Die Konstante bildet [2][das bandeigene Stilbewusstsein], entlang dessen
sich alles hier sortiert. Los ging das mit statischen Farfisa- und
Moog-Space-Reisen, oft auch mit leicht verkrachter Shoegaze-Gitarre, über
einem statischen Beat. Und über allem der Gesang von Lætitia Sadier und der
2002 durch einen tragischen Fahrradunfall verstorbenen Mary Hansen.

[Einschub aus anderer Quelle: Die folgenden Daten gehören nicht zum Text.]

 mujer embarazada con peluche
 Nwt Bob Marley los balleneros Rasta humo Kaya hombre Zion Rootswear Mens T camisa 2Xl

## Lakonisch in die Revolte
Stereolab-Songs klingen sehr schön und lakonisch und vermeiden trotzdem
die im Indie-Kosmos sehr verbreitete Anmutung engelhafter Entkörperlichung
von Frauenstimmen. Um stattdessen mit einer Klangsignatur im Rücken, die in
den späteren Werkphasen die Noise- und Feedback-Reste mehr und mehr
verabschiedet hatte, in einem bezaubernden englisch-französischen Sprachmix
zur Revolte aufzurufen.
Auch der größte Hit der Band, „French Disko“ von 1995, ist gut gealtert:
„I’ve been told it’s a fact of life / Men have to kill one another / Well…

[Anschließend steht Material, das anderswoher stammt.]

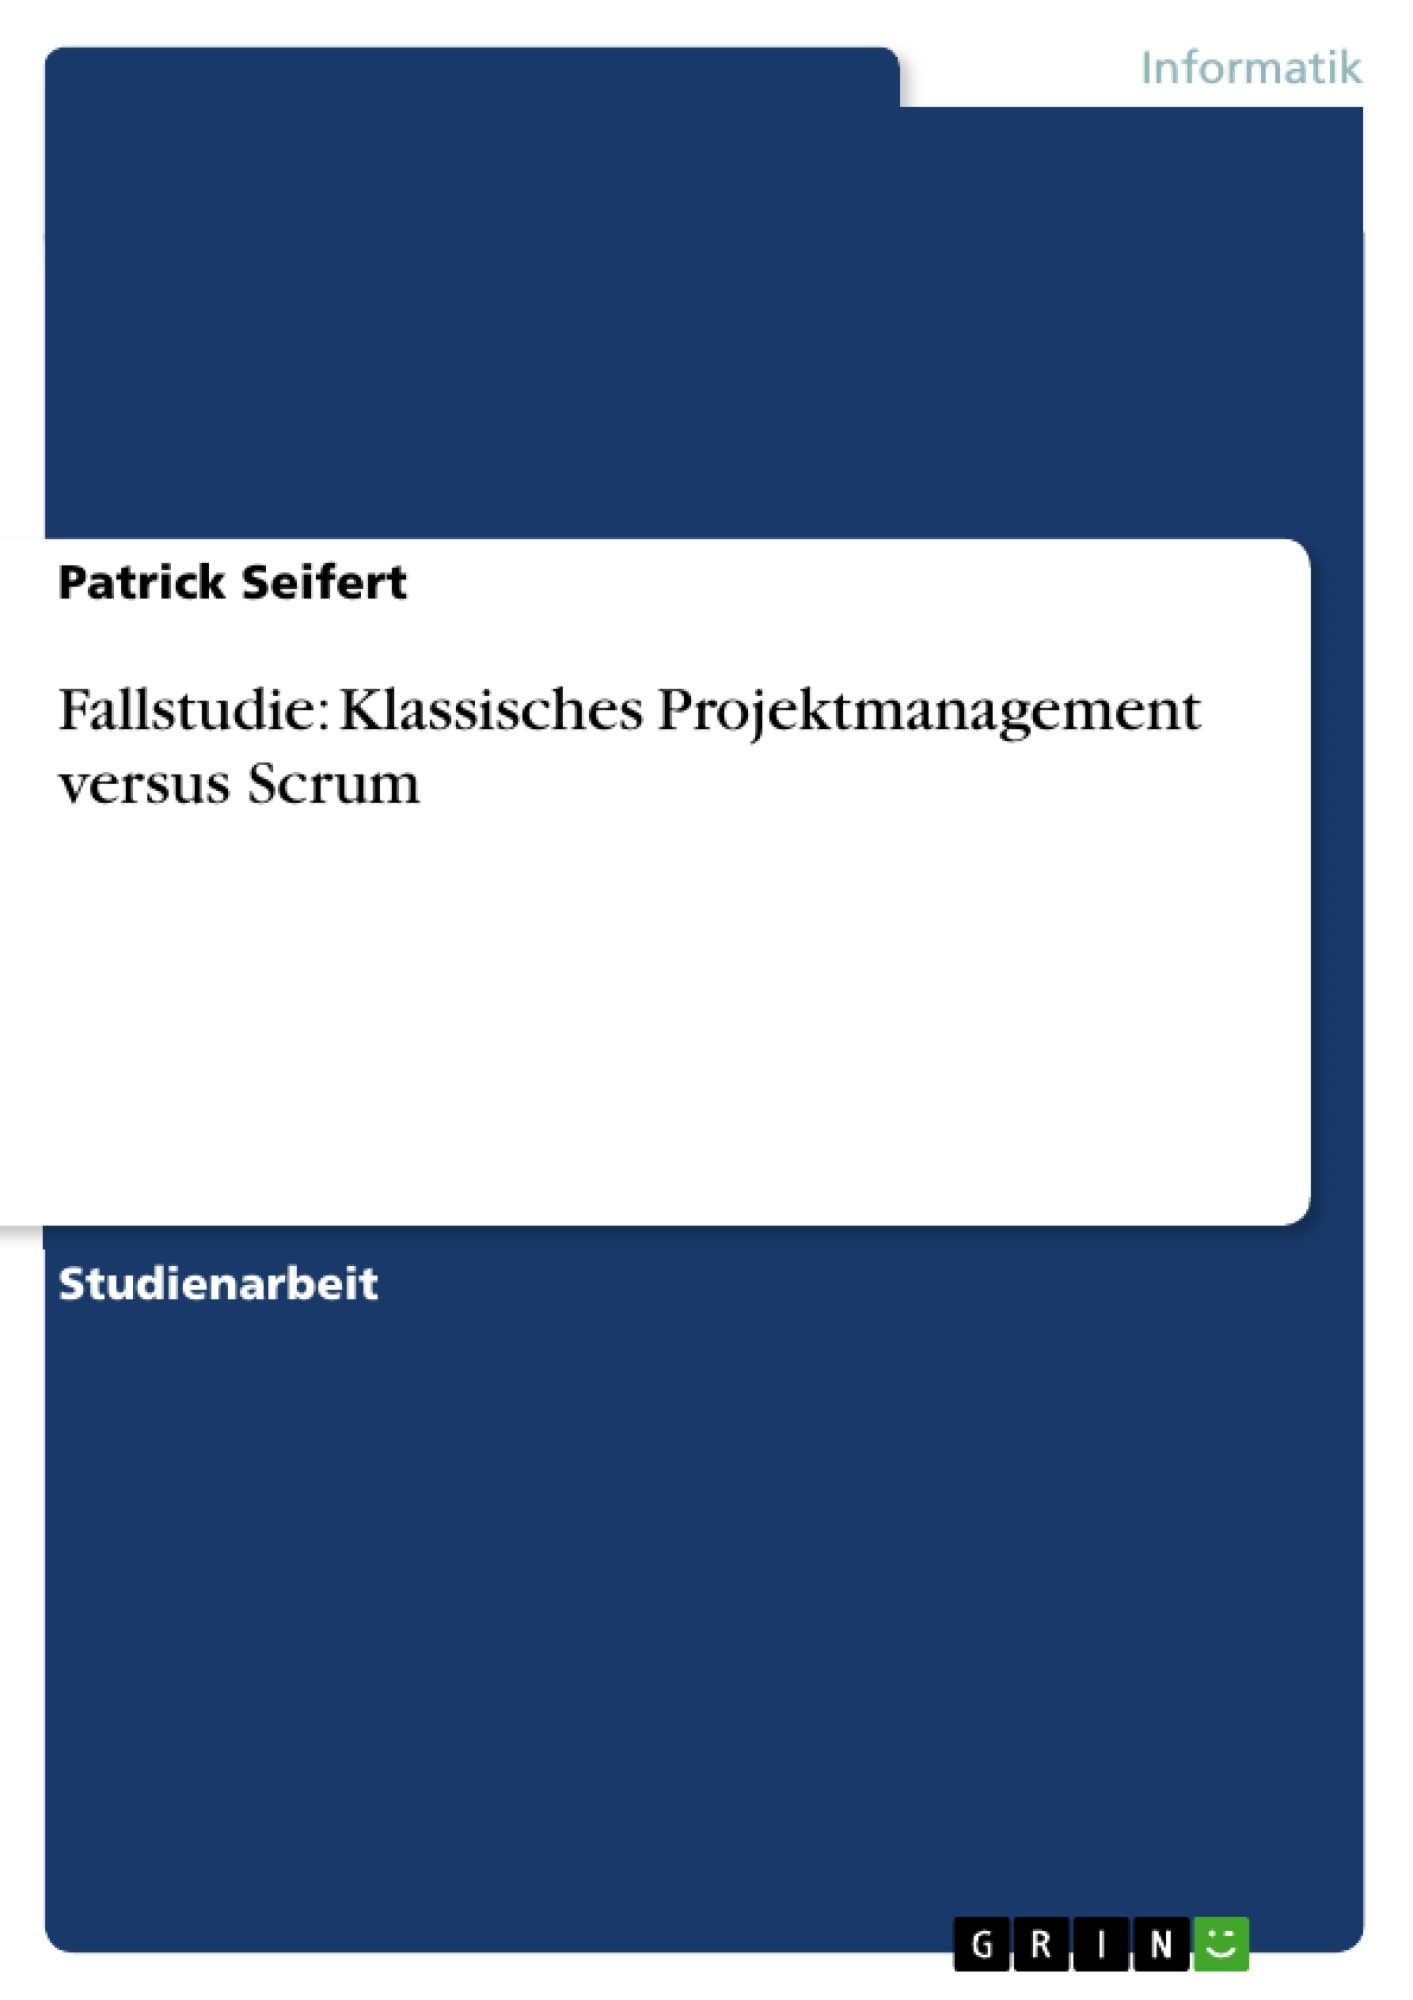 Titel: Fallstudie: Klassisches Projektmanagement versus Scrum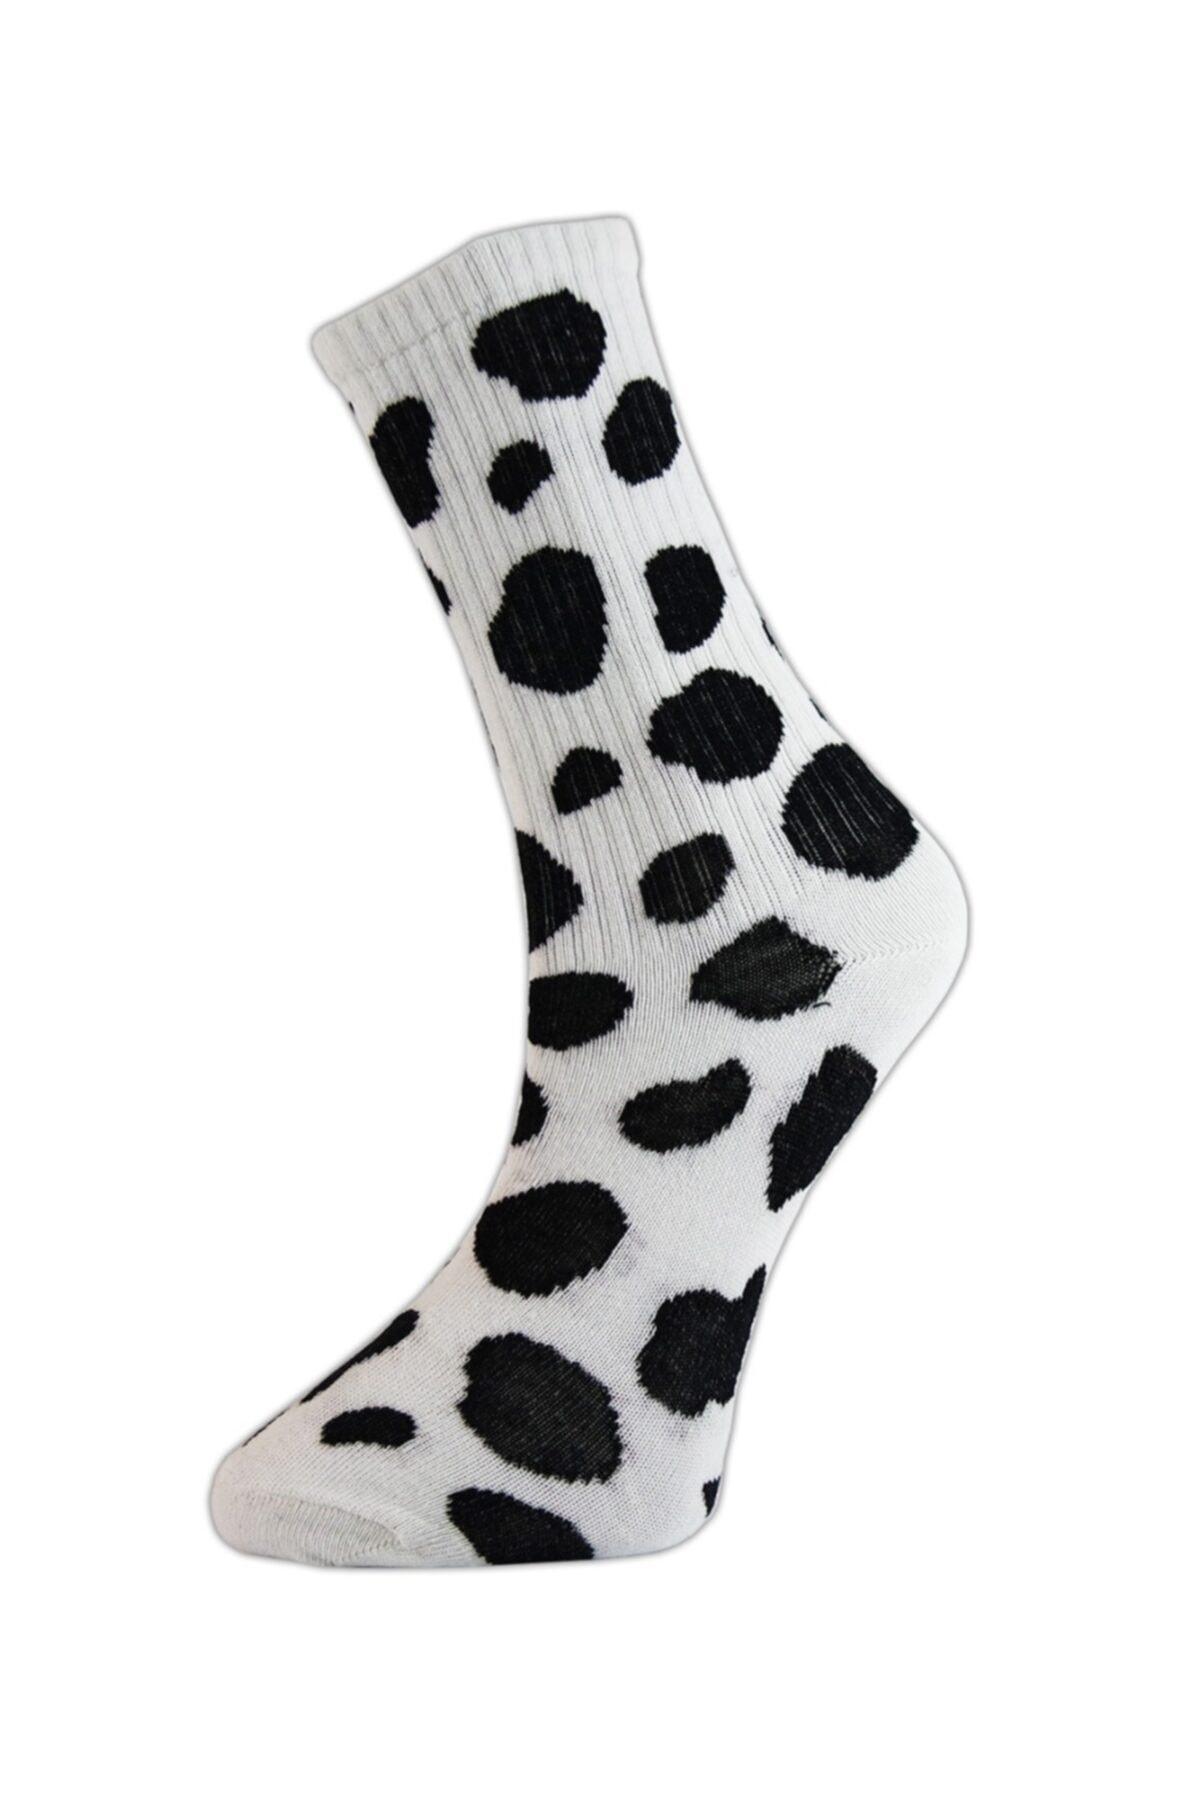 Cool Store Dalmaçyalı Kolej Çorap 1

say there are still things worth fighting for / La Resistance“. Muzak als
Klassenkampf, und, wie zum Beispiel [3][Musikkritiker Martin Büsser] damals
kritisch anmerkte, Klassenkampf als Muzak.

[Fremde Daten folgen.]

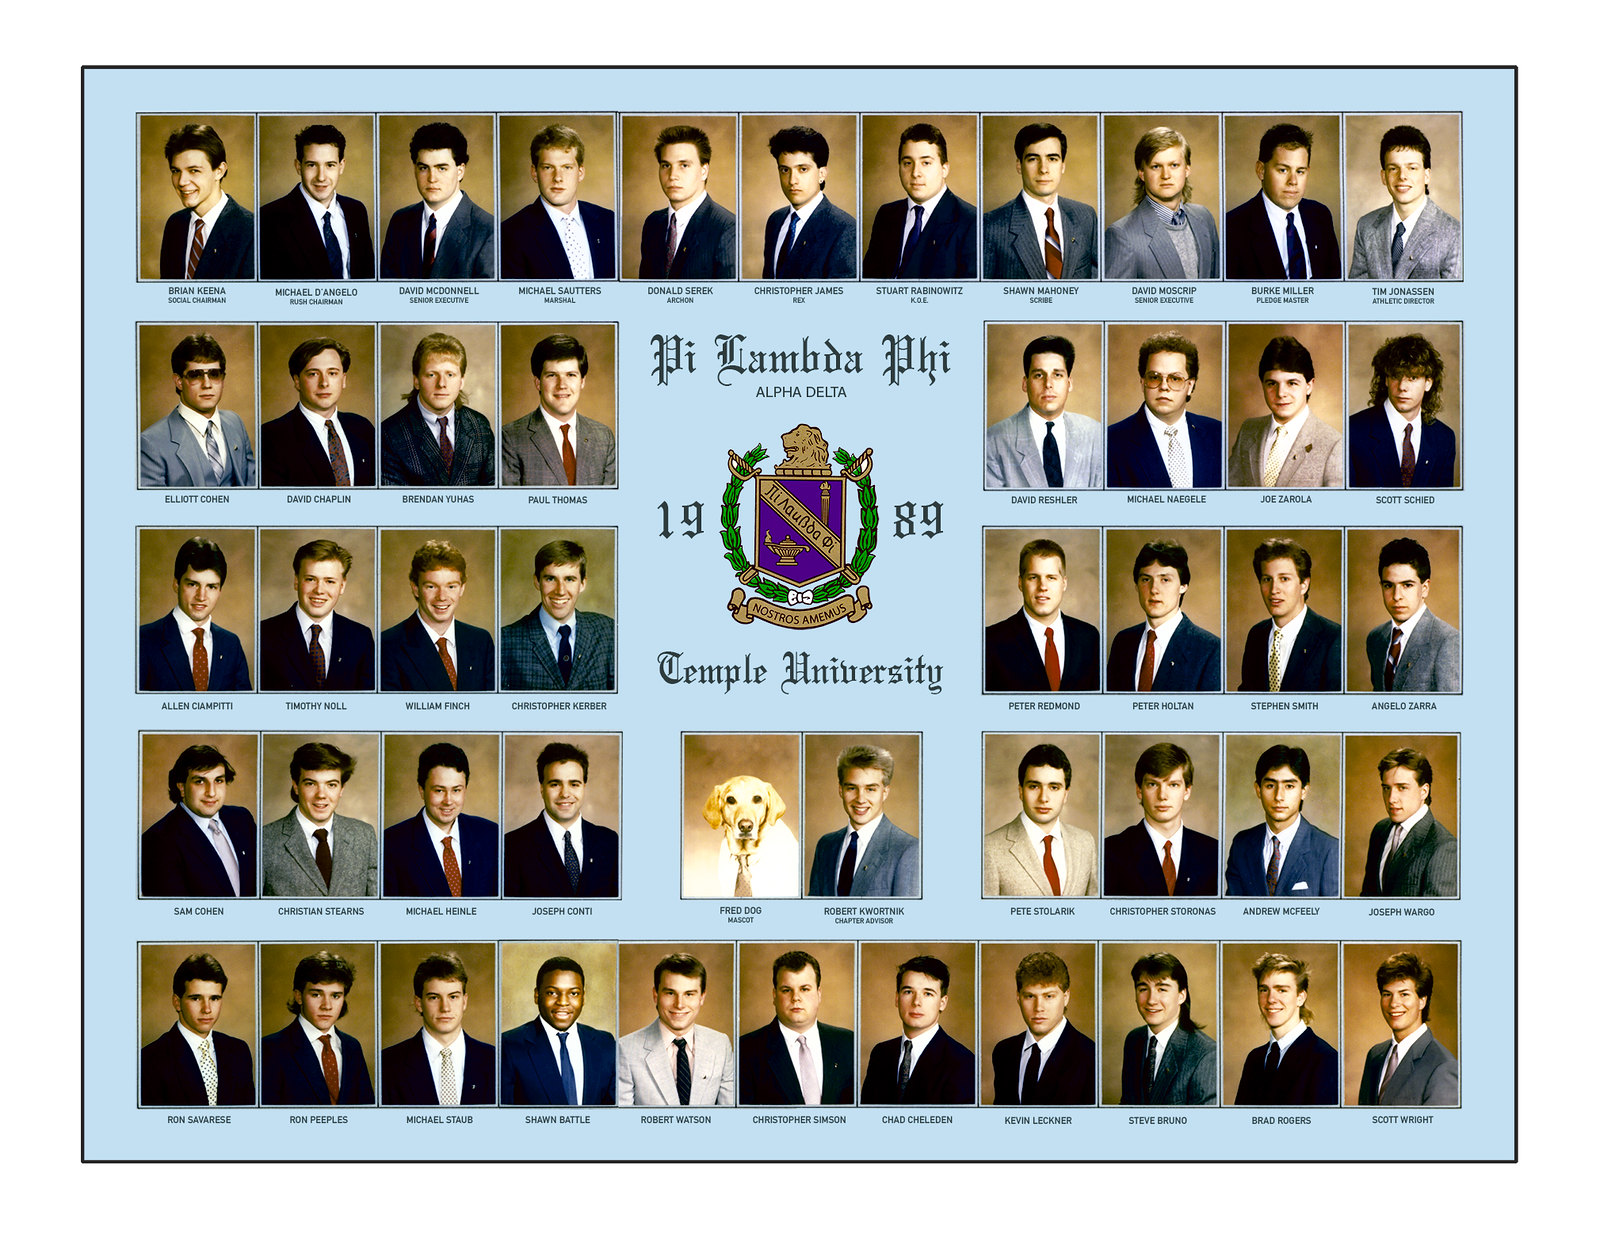 1989 composite Flickr

Nach zehnjähriger kreativer Pause – währenddessen wurden diverse Solo- und
anderen Bandprojekte vorangetrieben –, die 2019 endete, scheint die
Geschichte von Stereolab nun tatsächlich dem Ende entgegenzugehen. Die
kommende Woche startende Deutschland-Tour wird wohl die letzte sein, und
das aktuelle Album „Pulse of the Electric Brain“ das finale. Oder, wie die
Band schreibt, „possibly the final edition“. Das System wird immer offen
gehalten, bis zum Schluss.
## Durch den gesamten Bandkosmos
Die „Switched on“-Serie versammelt alles, was nicht auf den Alben der Band
Platz fand. Die fünfte Folge führt noch einmal durch den gesamten
Bandkosmos. Der schöpft, auch wenn vielen diese Musik gleichförmig
erscheinen mag, aus einem Ozean an Sounds, Instrumenten, Traditionssträngen
und Genres.
Brasilianischer Pop, ein bisschen Punk, La Monte Youngs Theatre of Eternal
Music, minimalistischer Rock ohne Ornamente, Minimalismus generell, viel
Krautrock und vor allem Spaß an prototypischen Analog-Synthesizern;
überhaupt alles, was blubbert, repetitives Schlagzeug, Chanson, aber auch
britische Experimentalmusik.
Tim Gane, Stereolab-Gitarrist und Sythesizermensch, hat 1993 in einem
Interview den Bandnamen mit britischen Alben zur Testung von Stereoanlagen
aus den fünfziger und sechziger Jahren verknüpft: „Uns gefiel der Name,
weil er seinerzeit als futuristisch galt, heute aber alt und kitschig
wirkt.“
## Puls des elektronischen Gehirns
Die Retro-Ästhetik, die sich auf möglichst Obskures bezieht und trotzdem
immer Pop bleibt, erscheint 30 Jahre nach diesem Interview noch einmal
gedoppelt: die Retromanie der Neunziger, auf die man heute auch längst mit
nostalgischem Blick zurückschaut. Ein hübscher Widerspruch dann aber, dass
„Pulse of the Electric Brain“ mit zwei bislang nur auf inzwischen teurem
Vinyl zu bekommenden Stücken beginnt, die wirken wie aus jeder Zeit
gefallen und also zeitlos sind.
„Simple Headphone Mind“ und „Trippin’ with Birds“ sind in Kollaborati…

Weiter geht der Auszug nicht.